A function $f:\mathbb{Z}\mapsto\mathbb{R}$ is $$f_L(n)=\frac{1}{1+b\frac{n}{L}-\frac{1}{2}\big(\frac{n}{L}\big)^2}$$ where integer $n\in [0,L]$ s.t., $\rho=n/L\in [0,1]$. We want to evaluate the product $$P_L(j)=\prod\limits_{k<j}\bigg(1-\frac{f_L(n^*)}{f_L(k)}\bigg)$$ where $f_L(n^*)\le f_L(m)\forall m\in [0,L]$. We are interested in large $L$ limit.
An approach
My approach to evaluate $P_L(j)$: we can take $\log$ on both sides. The sum becomes integral in continuum limit (Remember large $L$). And we evaluate $P_L(j)$ as $$P_L(j)=\exp\bigg(c\int\limits_0^{\rho_j}\log\big(1-\frac{f_L(n^*)}{f_L(k)}\big) \bigg)\Theta(n^*-j)$$ As $f(n^*)$ is constant inside the integral, so solving the integral is not big deal. I hope problem is well stated uptill here. If not please tell in comments below. Jumping to the question:
Question:
- What should be $c$?
- Or, I am completely wrong with my approach so we there is no $c$ in the first place!
Consider instead
$$f(x)=\frac1{1+bx-\frac12x^2}$$
so that $f_L(n)=f(n/L)$ and $f_L(n^\star)\simeq\min\limits_{0\le x\le1}f(x)=M$ is the minimum. Note that if the denominator has no roots in $[0,1]$, then the minimum is either $f(0)$ or $f(1)$ depending on the sign of $b$.

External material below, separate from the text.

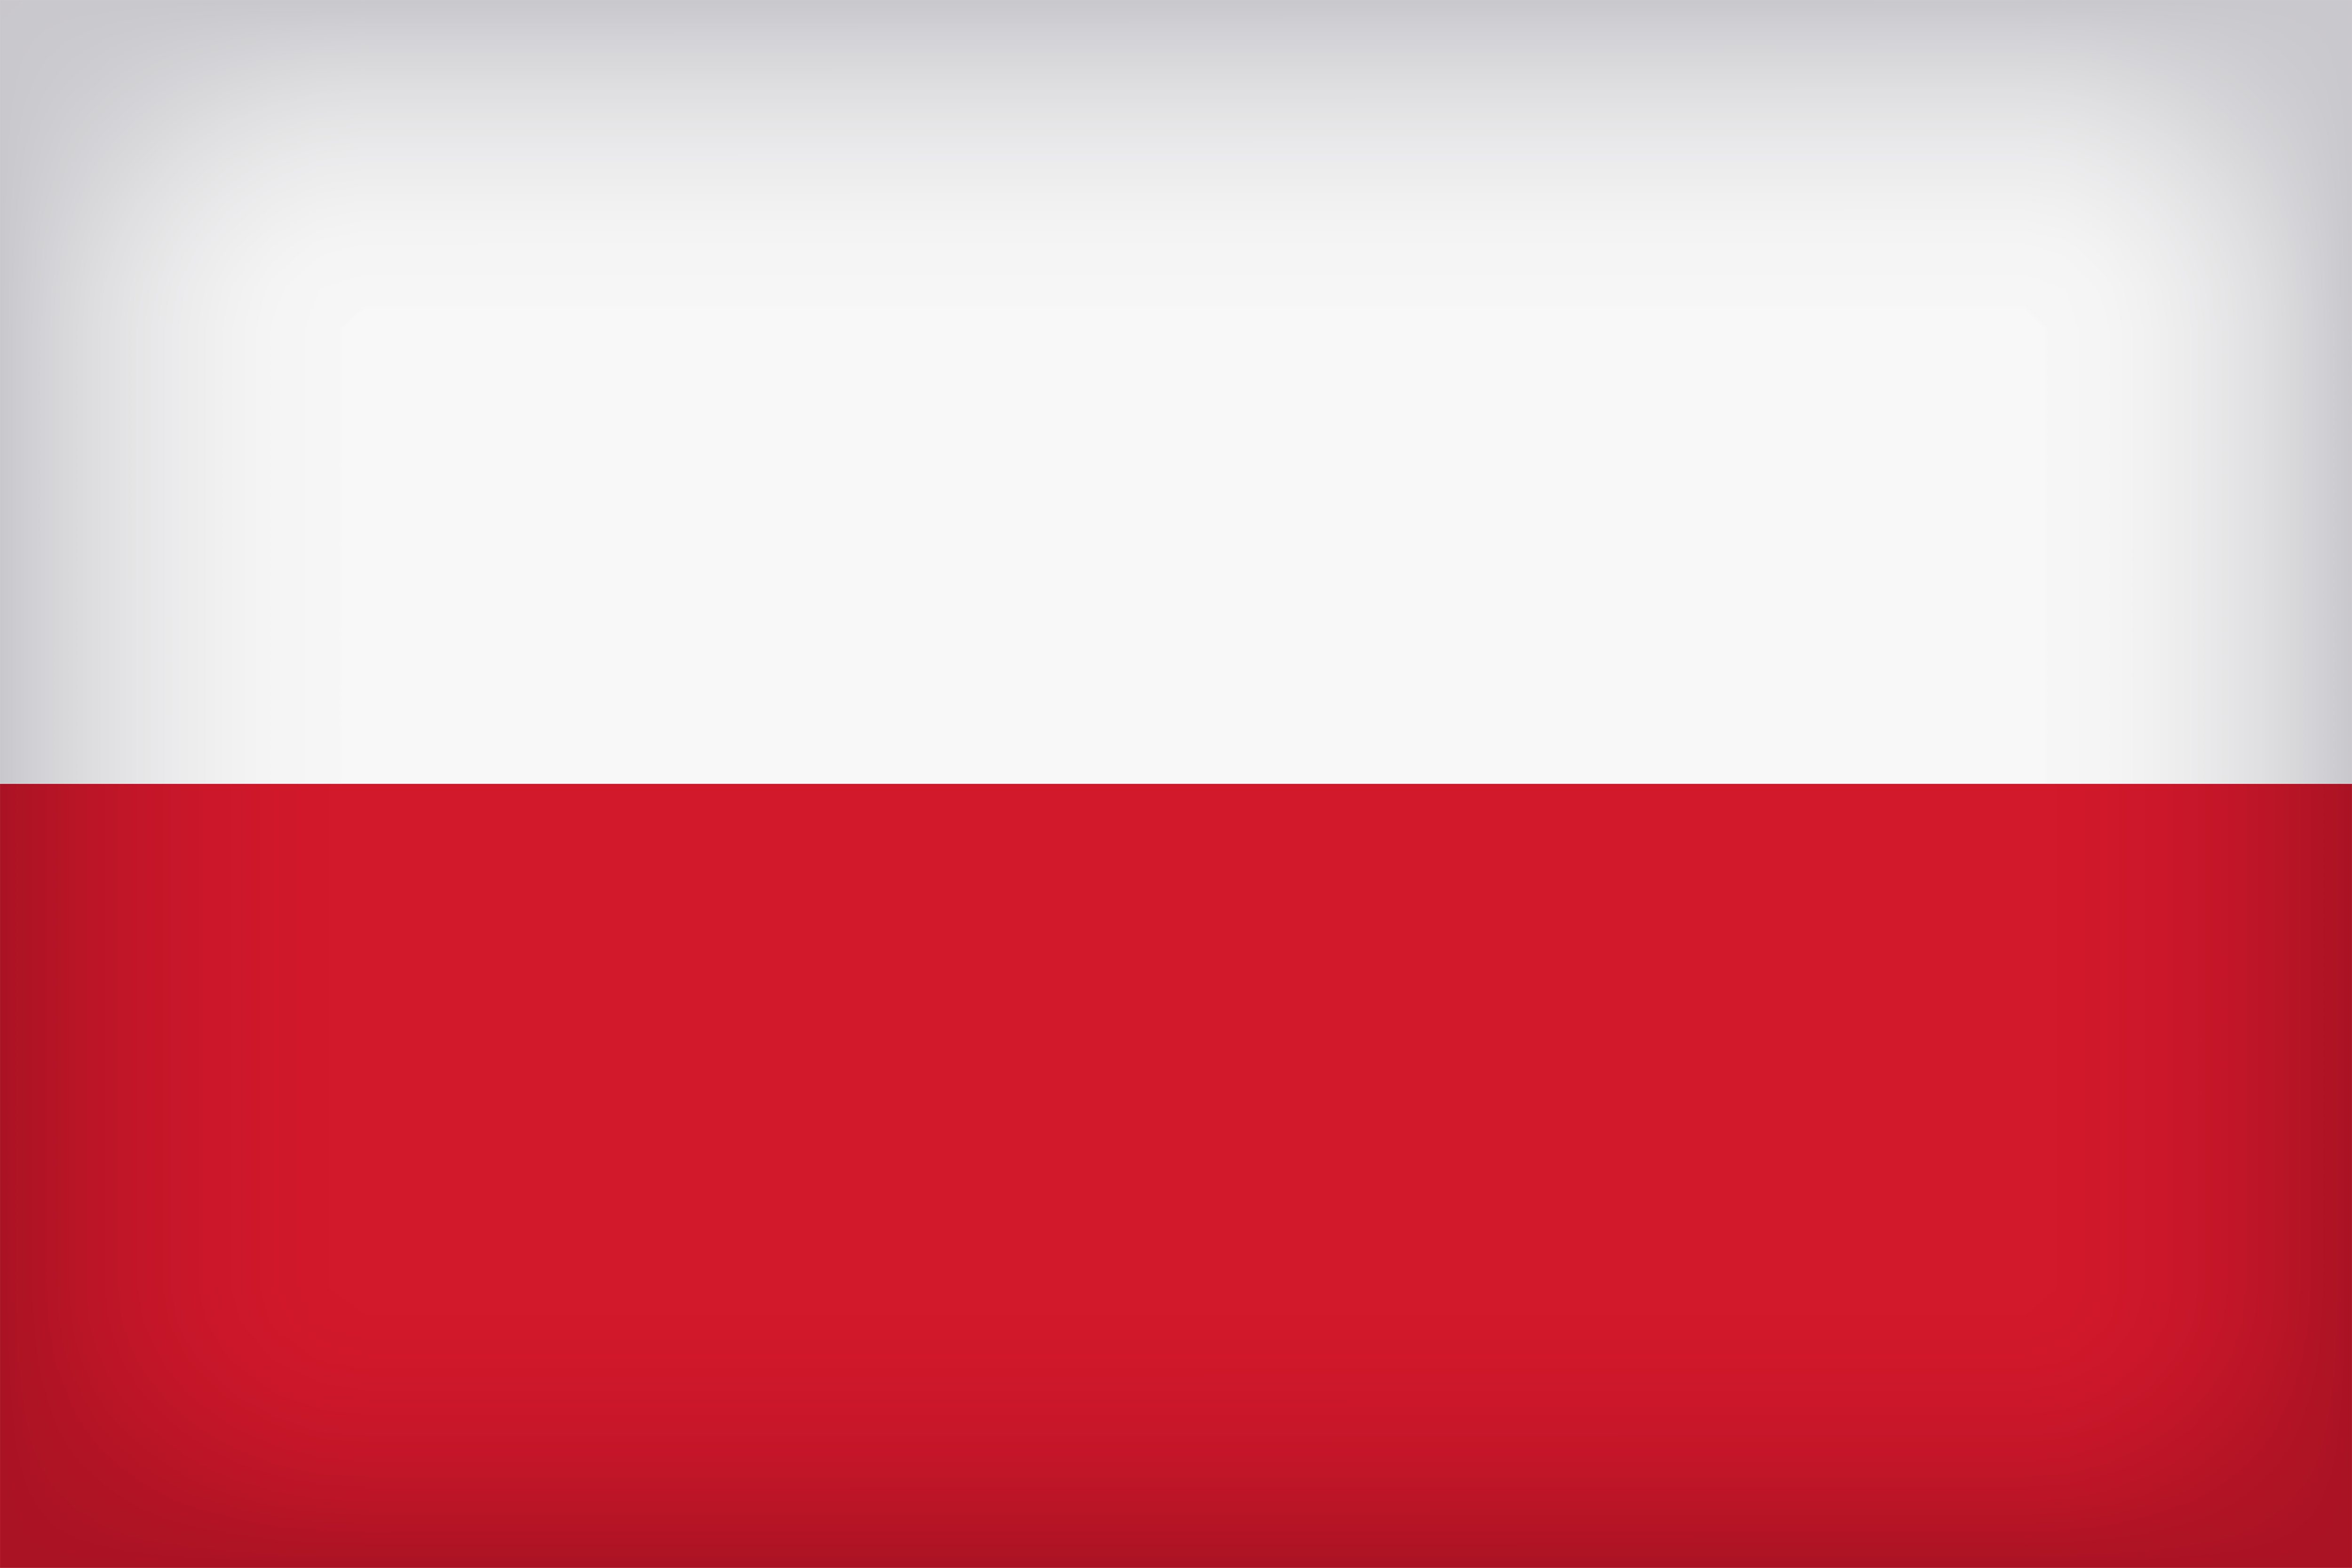 Poland Large Flag Quality Image

Let $x_k=k/L$. We are essentially interested in
$$\prod_{k<j}\left(1-\frac M{f(x_k)}\right)=\exp\sum_{k<j}\ln\left(1-\frac M{f(x_k)}\right)$$
which is not a Riemann sum. Consider instead
$$\frac1L\sum_{k<j}\ln\left(1-\frac M{f(x_k)}\right)\underset{L\to\infty}\longrightarrow\int_0^{j/L}\ln\left(1-\frac M{f(x)}\right)~\mathrm dx$$
so that it converges to the integral $I_j$. We then have the asymptotic behavior given by
$$\exp\sum_{k<j}\ln\left(1-\frac M{f(x_k)}\right)\simeq\exp(I_jL)$$
as $L\to\infty$.